Indeed the documents and papers in question are inadmissible in evidence. The
constitutional injunction declaring "the privacy of communication and
correspondence [to be] inviolable"3 is no less applicable simply because it is the
wife (who thinks herself aggrieved by her husband's infidelity) who is the party
against whom the constitutional provision is to be enforced. The only exception to
the prohibition in the Constitution is if there is a "lawful order [from a] court or when
public safety or order requires otherwise, as prescribed by law." 4 Any violation of
this provision renders the evidence obtained inadmissible "for any purpose in any
proceeding." 5
The intimacies between husband and wife do not justify any one of them in breaking
the drawers and cabinets of the other and in ransacking them for any telltale
evidence of marital infidelity. A person, by contracting marriage, does not shed
his/her integrity or his right to privacy as an individual and the constitutional
protection is ever available to him or to her.

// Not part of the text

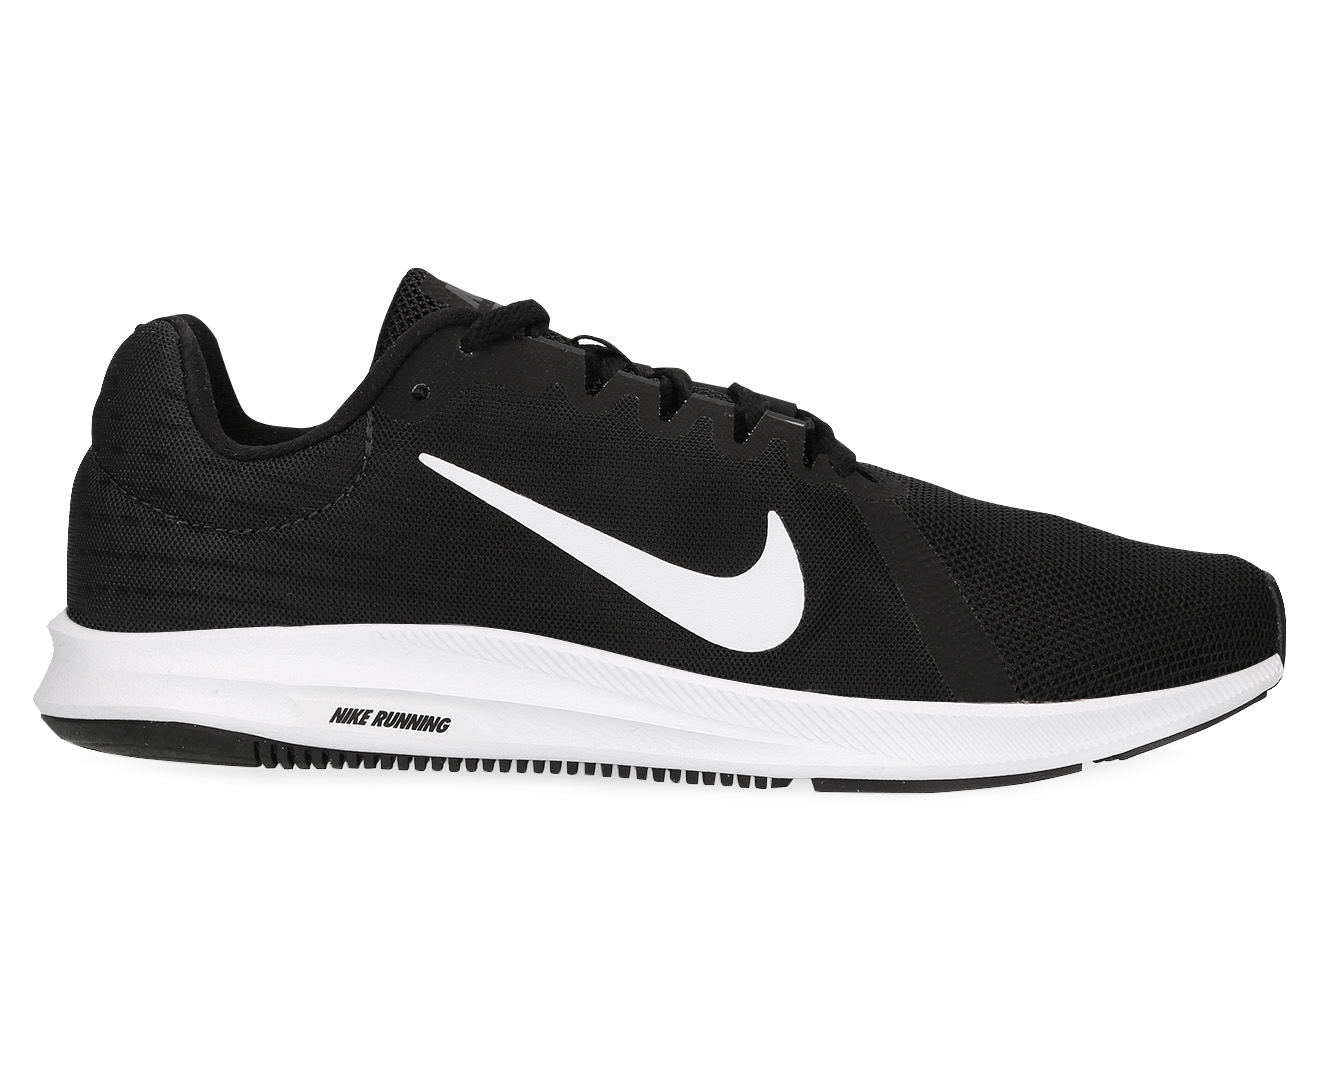 Nike Women's Downshifter 8 Shoe - Black/White/Anthracite | Www.catch.co.nz

The law insures absolute freedom of communication between the spouses by
making it privileged. Neither husband nor wife may testify for or against the other
without the consent of the affected spouse while the marriage subsists. 6 Neither
may be examined without the consent of the other as to any communication
received in confidence by one from the other during the marriage, save for specified
exceptions.7 But one thing is freedom of communication; quite another is a
compulsion for each one to share what one knows with the other. And this has
nothing to do with the duty of fidelity that each owes to the other.
WHEREFORE, the petition for review is DENIED for lack of merit.
SO ORDERED.
Regalado, Romero and Puno, JJ., concur.